→ **Exercise data**
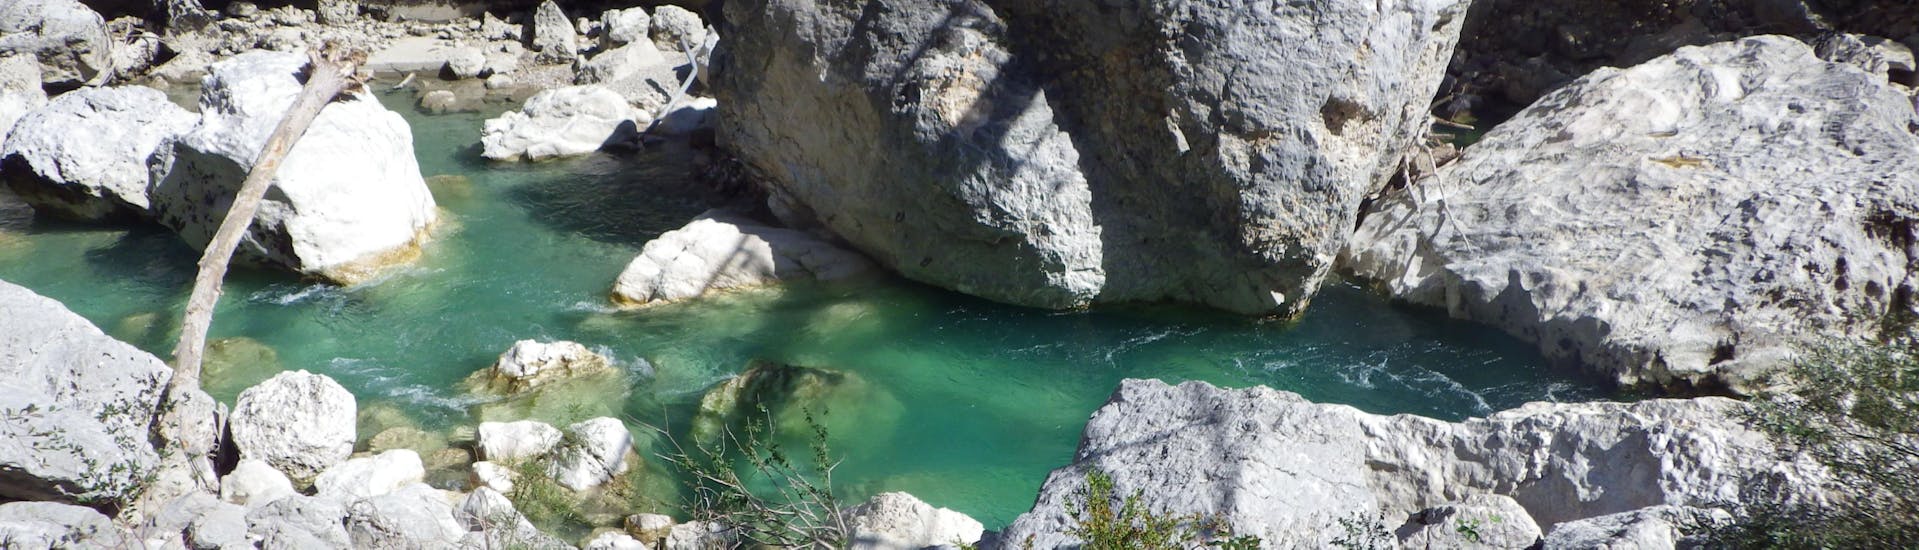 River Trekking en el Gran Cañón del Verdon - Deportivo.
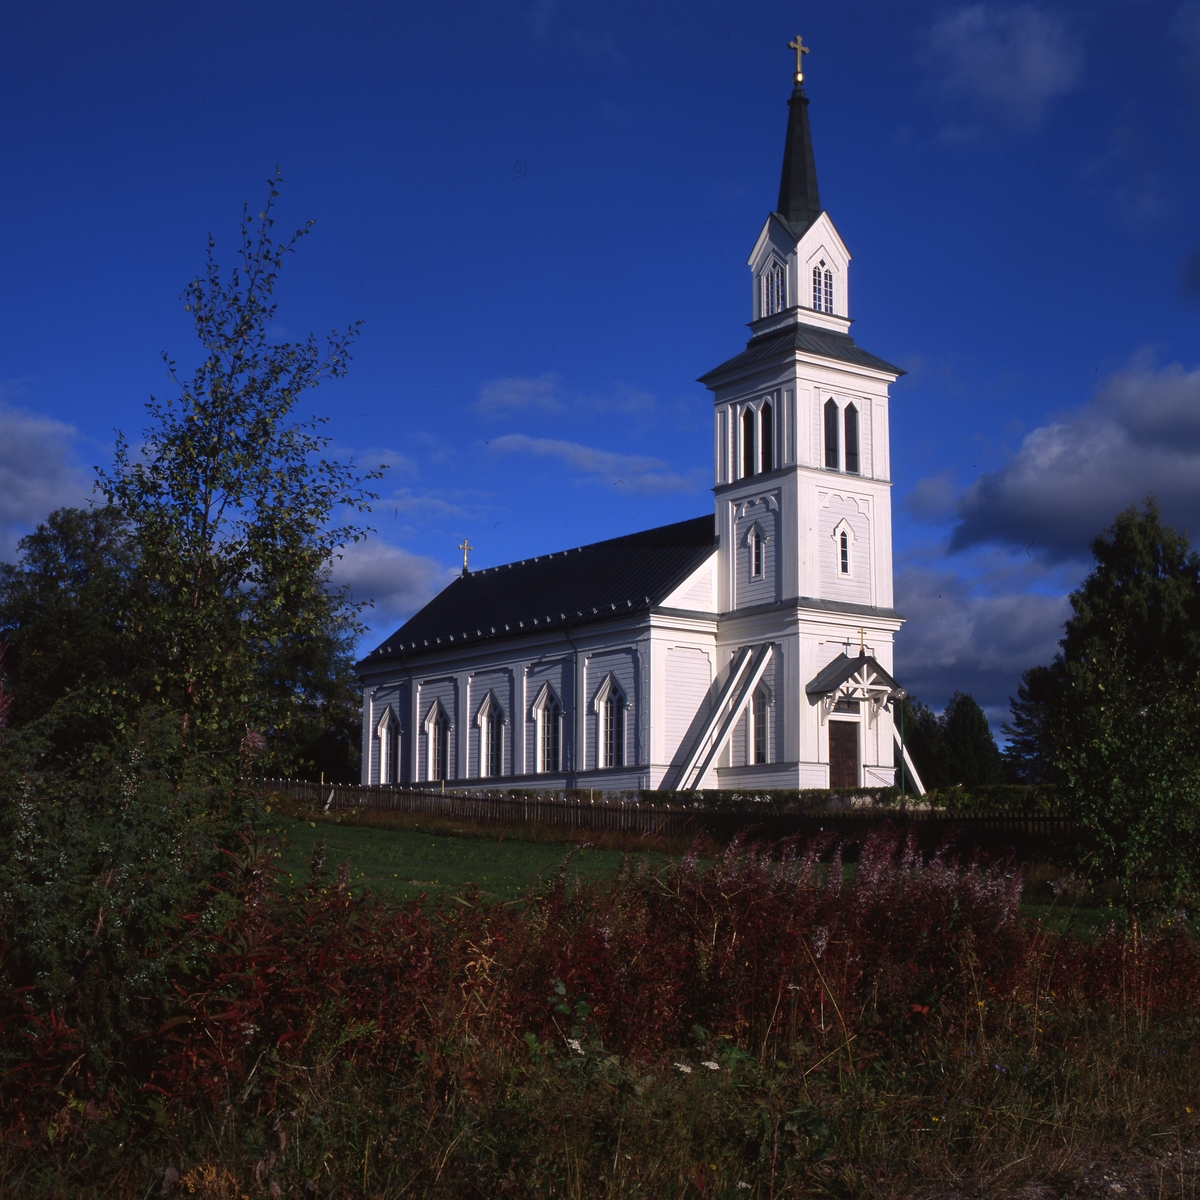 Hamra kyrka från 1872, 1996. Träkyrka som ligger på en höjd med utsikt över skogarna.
...
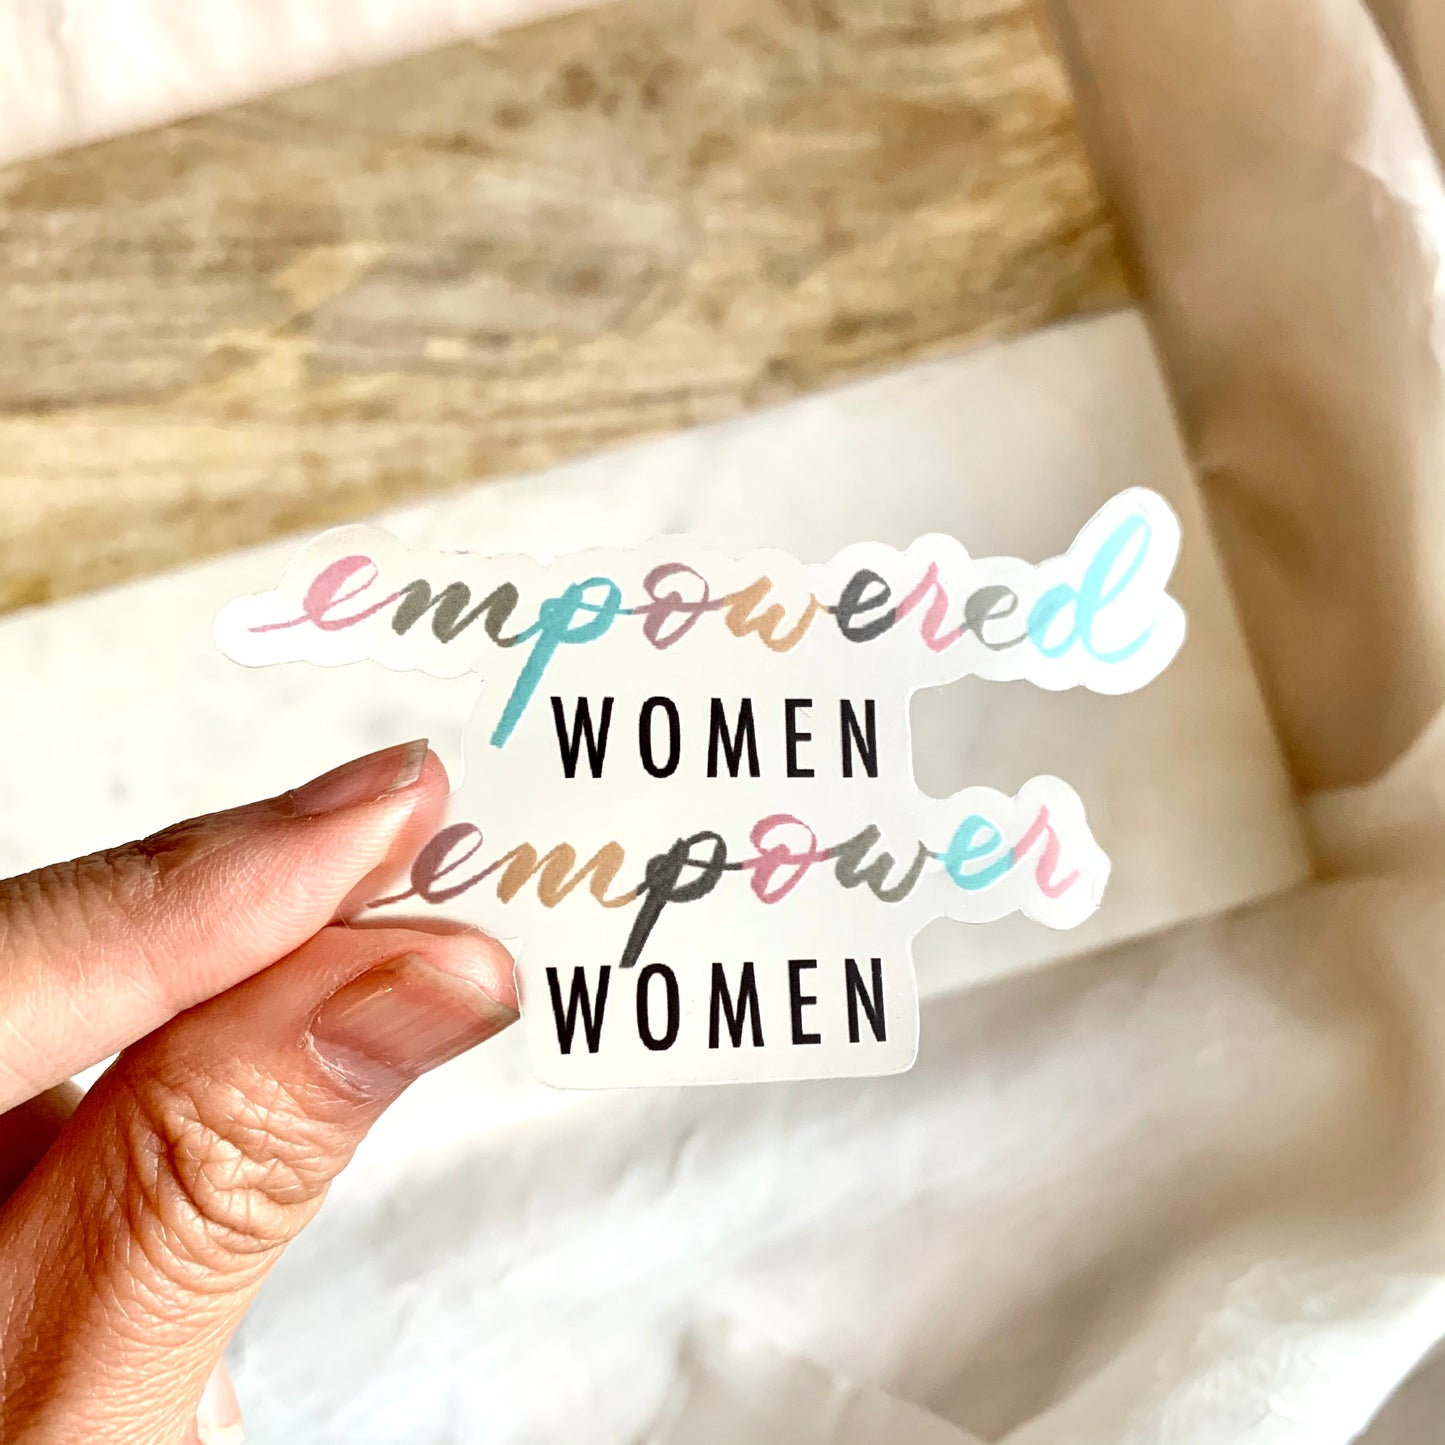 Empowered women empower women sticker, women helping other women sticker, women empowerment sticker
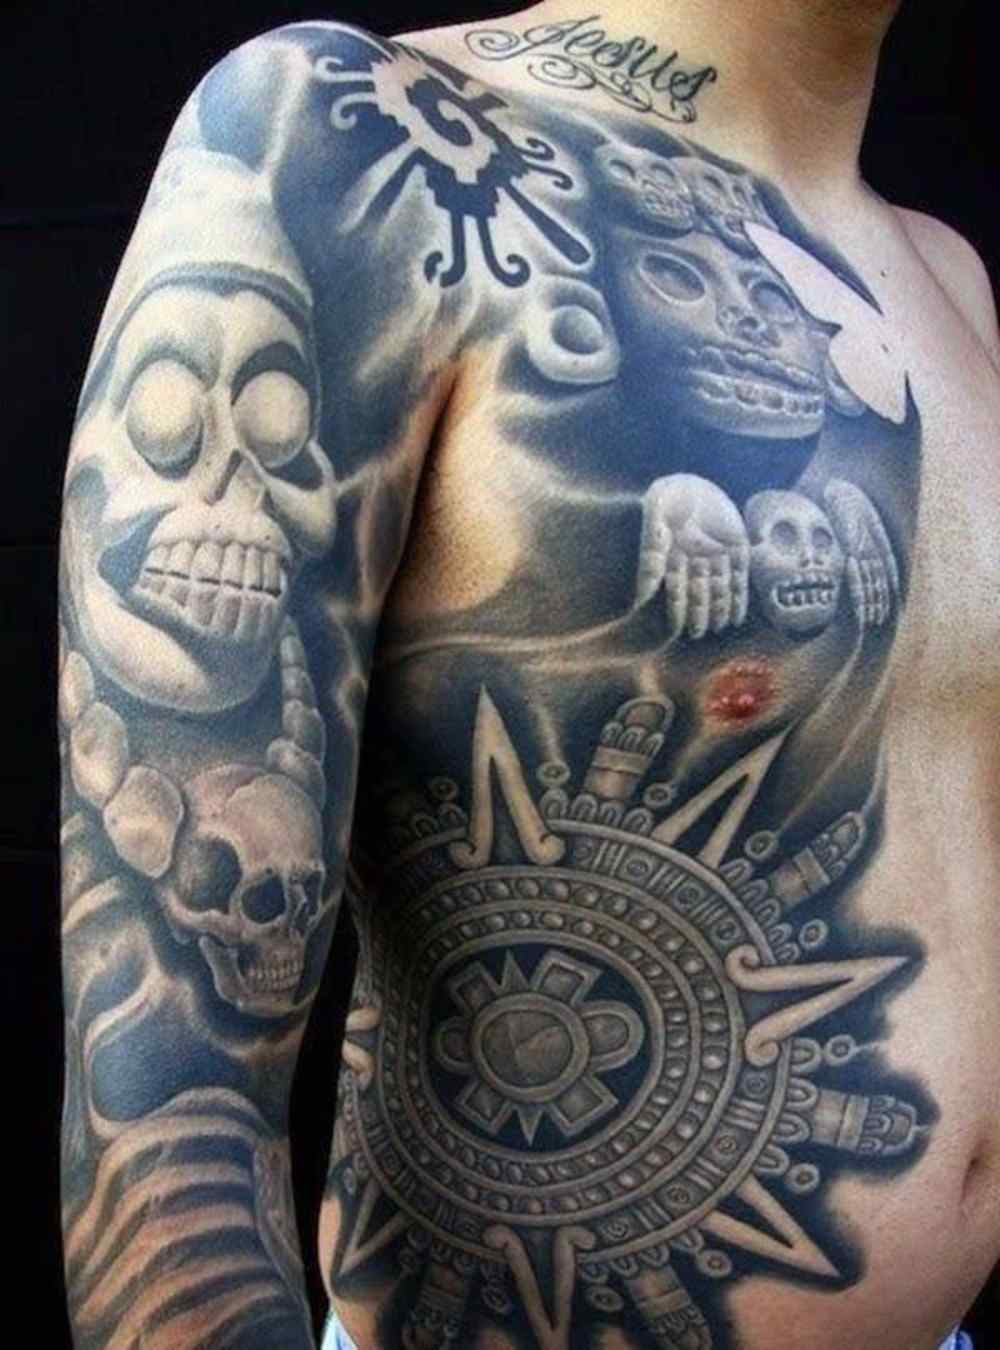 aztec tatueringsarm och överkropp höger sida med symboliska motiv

→ **Task goal**
With the pictures removed, print only the lines starting at the line that has "Empowered women empower" and ending at the line that has "aztec tatueringsarm och", both ends included, exactly as they stand above.

→ **Solved problem**
 Empowered women empower women sticker, women helping other women sticker, women empowerment sticker
 aztec tatueringsarm och överkropp höger sida med symboliska motiv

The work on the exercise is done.